From looking at the tables, we might have some significant results or associations but we have to test it out in statistical inference first.
Chi square test - independence is used to see relationship between two categorical variables.
Null hypothesis: Degree and income level of family are indepedent. Degree level do not vary by family income status level.
Alternative Hypothesis: Degree and income level of family are dependent. Degree level do vary by family income status level.
Sample data are randomly sampled, and sample size is large enough and being less than 10% of the population. Independence and random sampling are satisfied. Sample Size: Each cell must have expected of 5 counts. Yes, all cells met this requirement except the factor: “Lived in Institution” factor was dropped from the variable incom16 for this reason. Below is a table of expected counts.
##
## Far Below Average Below Average Average Above Average
## Lt High School 797.5432 2337.2322 4849.179 1463.8820
## High School 1846.5408 5411.3616 11227.238 3389.3059
## Junior College 181.8362 532.8782 1105.591 333.7584
## Bachelor 491.5545 1440.5200 2988.723 902.2430
## Graduate 238.5253 699.0080 1450.269 437.8107
##
## Far Above Average
## Lt High School 175.16345
## High School 405.55354
## Junior College 39.93647
## Bachelor 107.95952
## Graduate 52.38703
##
## Pearson's Chi-squared test
##
## data: new
## X-squared = 2847.1, df = 16, p-value < 2.2e-16
A large Chi square yields a very small pvalue. At a significance level of 0.05, and p-value of 2.2* 10^-16 which is much less than significance level, we reject the null hypothesis, it shows there is association between respondents degree and the respondents family income status at age of 16. Confidence Intervals do not apply to chi-square test of independence.
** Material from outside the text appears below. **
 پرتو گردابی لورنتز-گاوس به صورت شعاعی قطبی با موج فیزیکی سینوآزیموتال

As from our inference, null hypothesis was rejected. There is association between the two variables: respondents degree and income of family status. Meaning that there is dependency between respondents degree level and family income status at the age of 16.
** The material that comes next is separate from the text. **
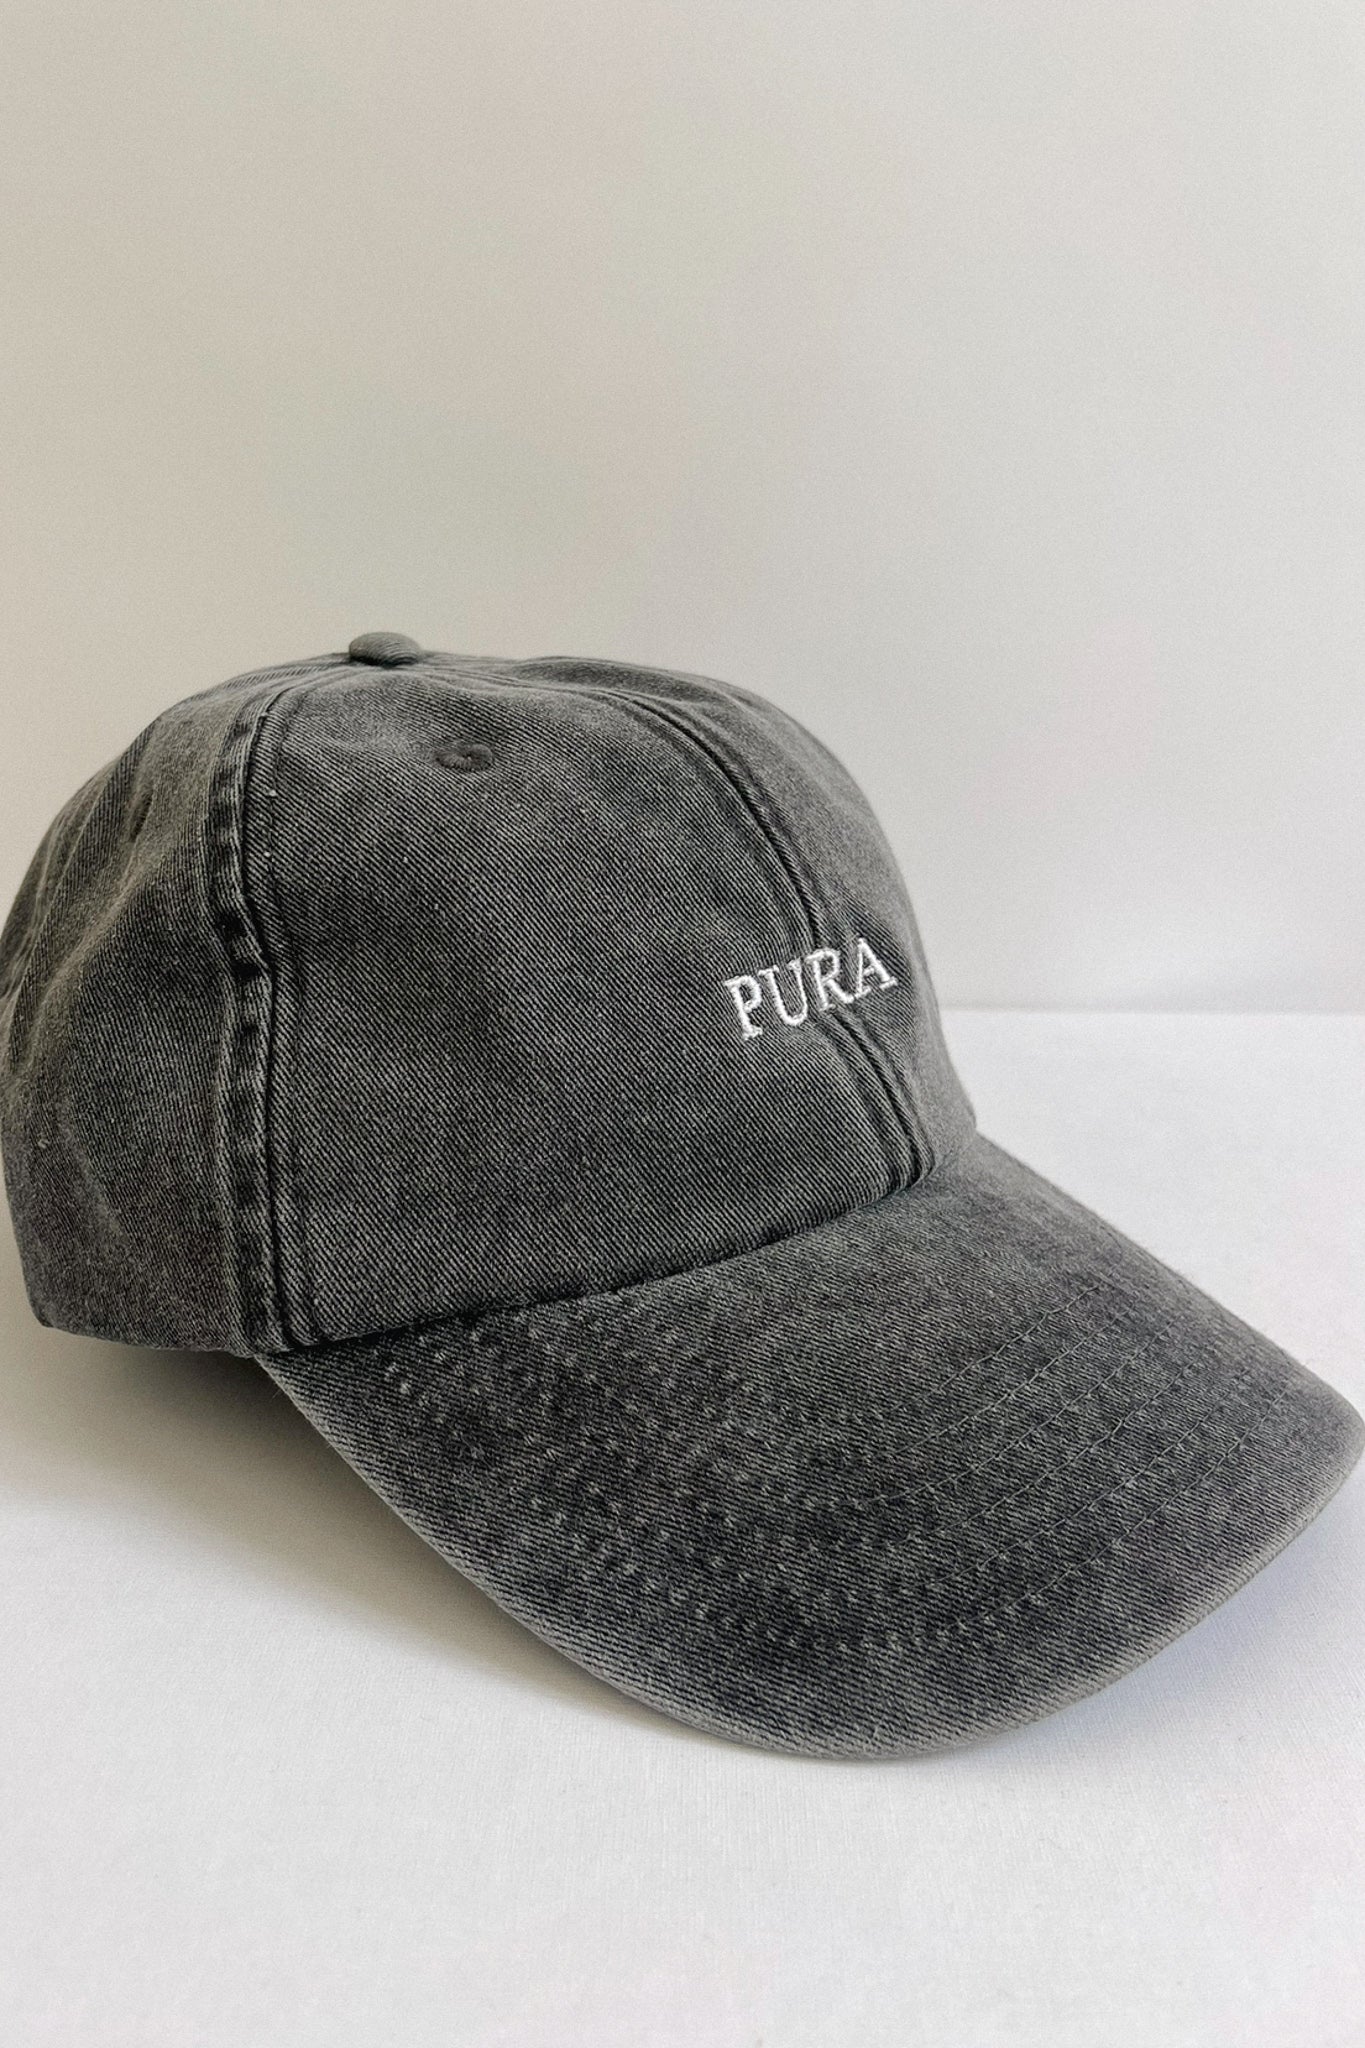 THE PURA CAP BLACK

The same story is seen in our proportion tables from above. We can see respondents who identified themselves at age 16 their family income was in the Far Below Average category, about 85% ended up with High School or Lt High School degree level. Moreover, we see this number decrease, as respondents who identified themselves with higher family income level. Then Below Average, 78%. Average 75%. Above average 56%. Far Above Average 56%. These are rough percentage approximations.
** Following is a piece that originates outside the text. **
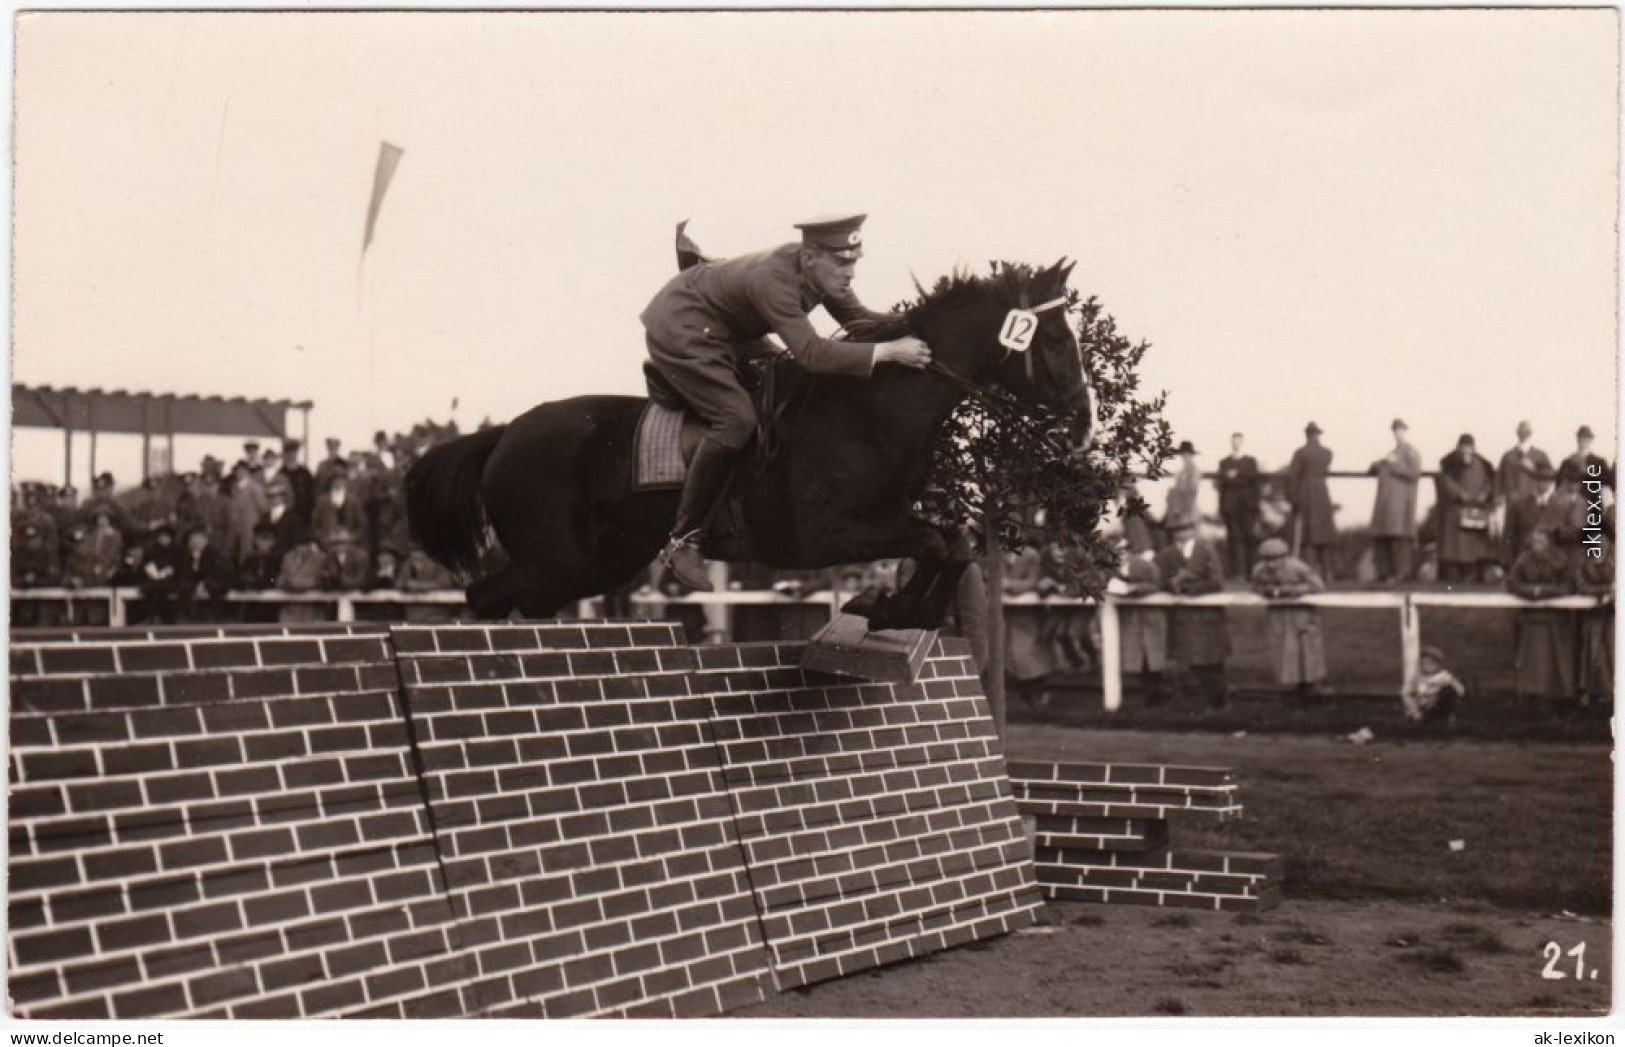 Ansichtskarte  Springreiter - Sprung über Mauer, Turnier 1924 - Reitsport

On the contrast, looking into most people who came with higher degrees also have higher income family incomes at age 16. 10% of Far below average identified with Bachelors or graduate level, 15% of below average, 17% of average, 36% of above average, 38% of far above average identified with Bachelors or graduate level.
There can be confounding variables as to why the reason that is. Biases in how people answered the survey, it is hard to concretely define the variable incom16 as it is a subjective component where respondents rate how they compare to the “average” family. I think this can be losely interpreted by respondents as what they believe average.
Nonetheless I think it is very interesting where, respondent classifies themselves as higher status level of their family, in that respondent also answers with higher degree level. But this also plays into the social issue of is education equal among to all ? It would be interesting to further investigate into this in how family income associates with child’s degree level. There are many other research experiments possible looking into this.